Cada vez que se descubre un sumario por corrupción señalamos con el dedo una frase que lo define. Con Juan Guerra las denuncian se condensaron en los pozos de una taza de café; «¿usted es el señor de los cafelitos?», le preguntaban en los juzgados y el asistente tensaba todos los músculos de la cara antes de soltar una bravuconada. En el caso Ollero, los comisionistas invocaban la metáfora de la tiesura, «a ver si de ésta nos quitamos las legañas». En la Gürtel, el sumario también se reduce a una expresión cursi, cínica y melosa, «amiguito del alma», la conversación navideña entre el Bigotes y el presidente valenciano. Mucho menos sutil, más directo, fue aquel empresario de Almería que, mientras le metía en el bolsillo un sobre cuajado de billetes, le espetó a un alcalde de pueblo: «Mi primo me lo ha dicho, me parece que a este alcalde le pasa como al otro, a éste le gusta el cazo». Y ahora, el ‘sobresito’ para falsificar un parte médico y amañar una jubilación.

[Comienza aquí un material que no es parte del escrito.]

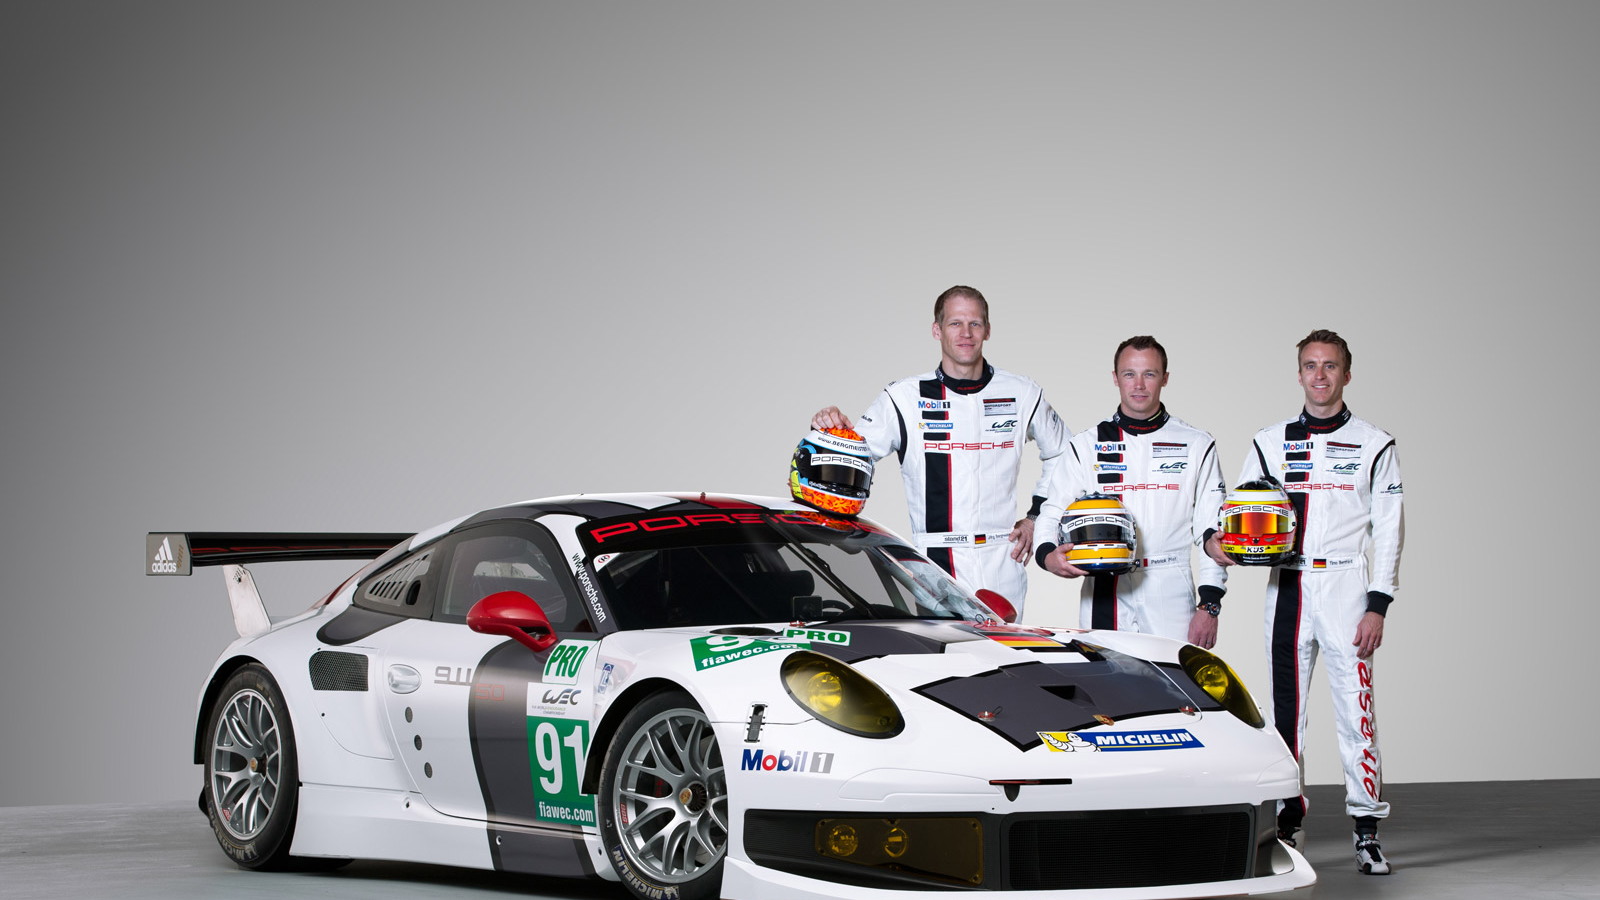 2013 Porsche 911 RSR race car

Con cada frase se van archivando en la memoria colectiva los casos de corrupción, como si a los corruptos se les pudiera colocar una etiqueta con aquella expresión que le cazaron por teléfono, cuando se creían inmunes, se reían del mundo y se frotaban las manos al verse despanzurrados en una playa del Caribe. Sí, es verdad, las frases identifican los procesos, pero el verdadero valor de esas conversaciones es el valor sociológico, la muestra que se extrae de una sociedad capaz de generar esa cadena de aprovechados, el comisionista que se mueve por los despachos, el médico que se corrompe, la famosa insaciable y su madre aprovechada, sin vergüenzas sin sonrojo ni miramientos que los frenen. Pero, ¿cuántos habrá en esta sociedad que se hubieran resistido a un acta médica falsificada y una jubilación a los 45 años, con un sueldo público de por vida? ¿Cuánta mentira se comete en España? ¿Y cuánta se consiente?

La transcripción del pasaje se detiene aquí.